Projecting his potential is an educated guess for now, but a point every two games is a safe enough assumption. In Dadonov’s 55 career NHL games (where he averaged only 13 minutes of ice time per game) he amassed 61 hits. Additionally, Dadonov jumped to 39 penalty minutes in 53 games last season in the KHL, and was plus-33. That would be a nice bonus for the multi-category salary cap leagues. On the flip side, Dadonov’s shooting totals have been slightly lower than ideal, yet he still manages to score at impressive rates. Going into next season, the lower shot totals are a red flag with better goalies and tighter defence against Dadonov, bringing his shooting percentage down.

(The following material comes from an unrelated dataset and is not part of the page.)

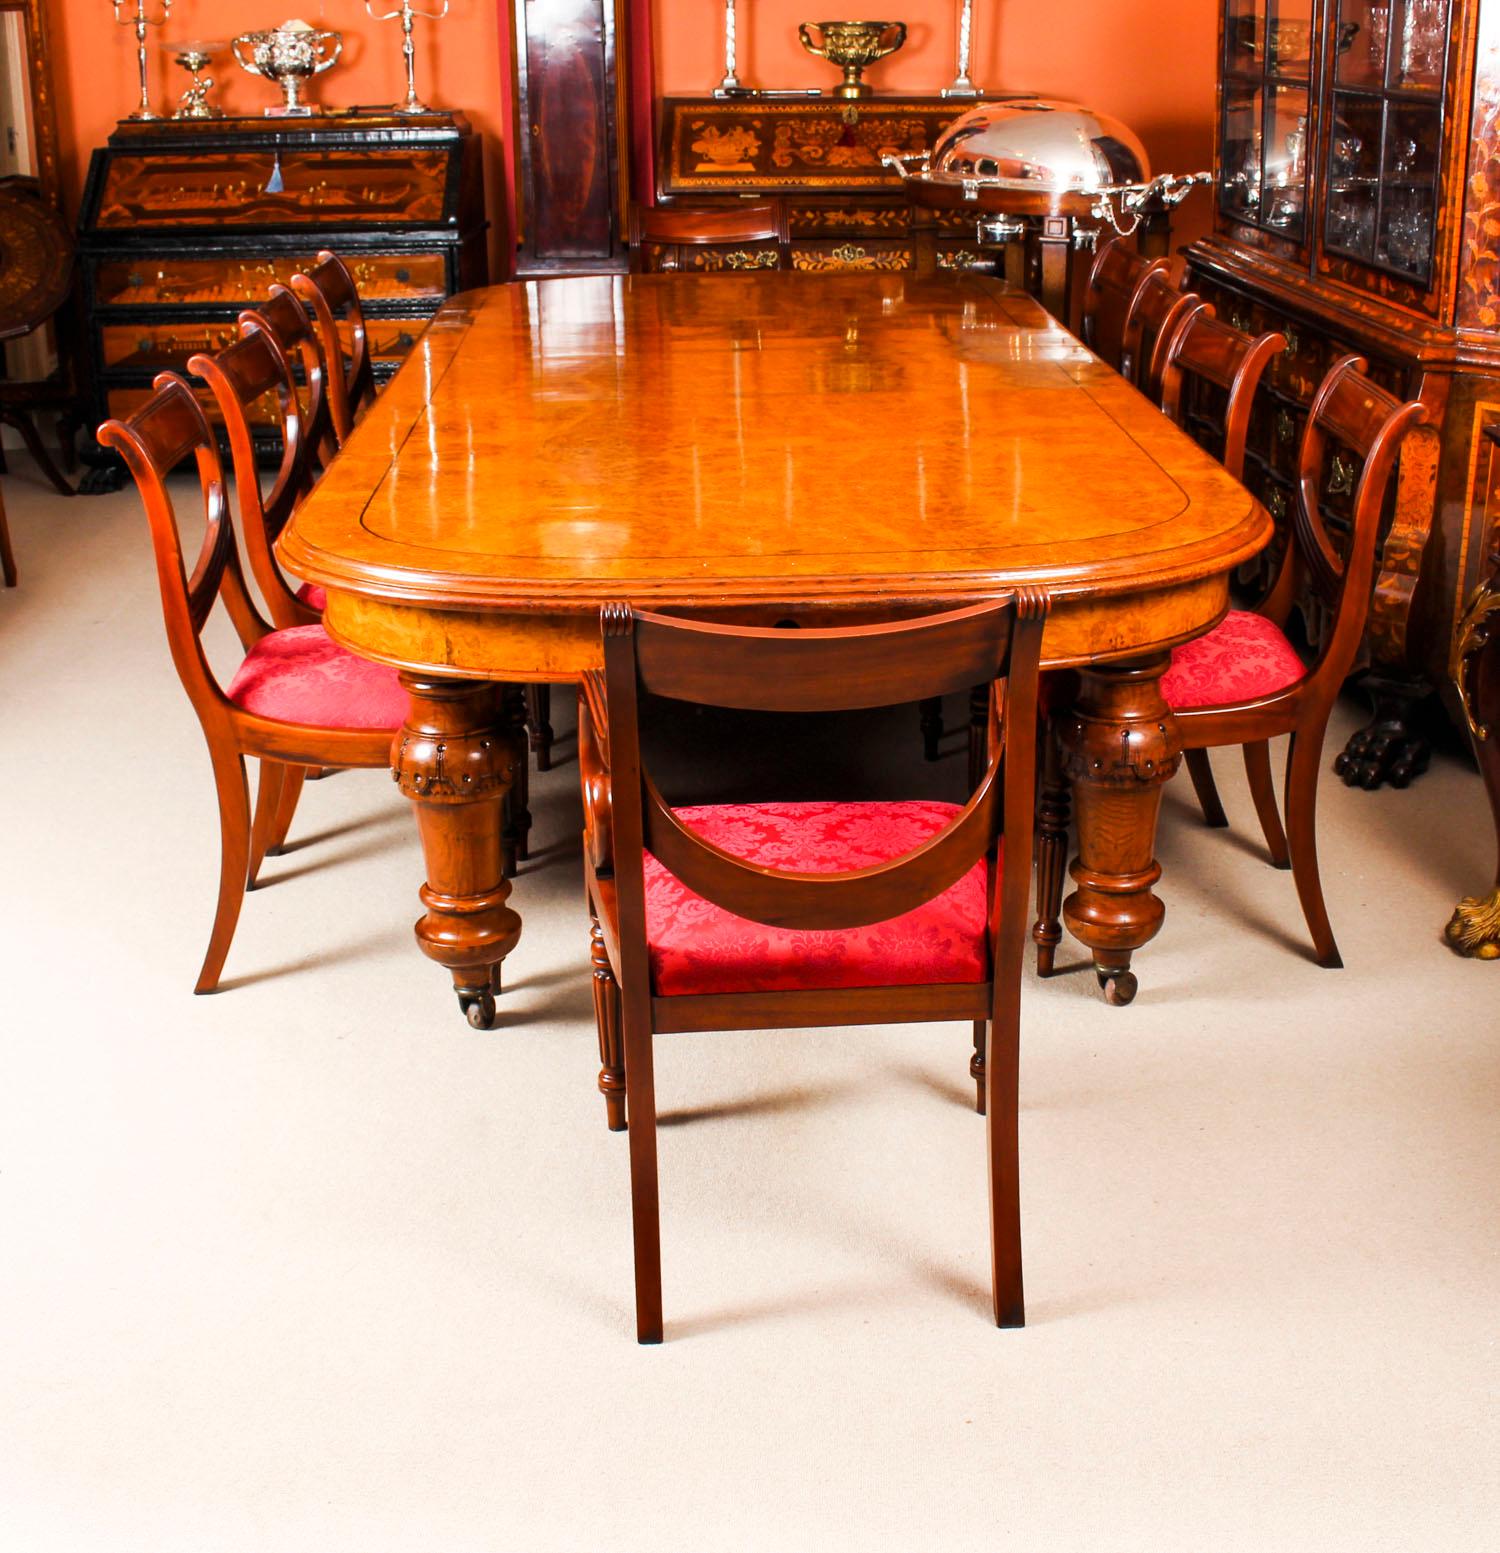 There is no mistaking the style and sophisticated design of this exquisite dining set comprising a rare English antique Victorian pollard oak extending dining table, circa 1850 in date and a set of ten vintage dining chairs.
The styles that

At this point the risk likely outweighs the reward, however there comes a point late in a draft or in an offseason when the cost is too cheap to pass up. If the cost in your case is low enough, then there is no harm in trying. At that point, you then have to hope Dadonov signs, and that he ends up somewhere that puts him in a good situation. His contract then becomes the most crucial factor, with under $4-million per season being the line that I draw for relevance (below which I like his value).
In the meantime, two of these Russians are playing in the World Hockey Championship. Dadonov is currently fifth on Russia in scoring, with seven points in seven games, while Shipachyov is tied for second on the team (and tied at second in the tournament for that matter) with 12 points in his team’s seven games. While this is a showcase that has Shipachyov playing with some very skilled wingers, it is a bit of a litmus test as to how they can stack up offensively against NHL level players. For comparison’s sake, Nathan MacKinnon leads Canada with 12 points in seven games, while Travis Konecny and Tyson Barrie each have seven points for Canada (Konecny in seven games, Barrie in three).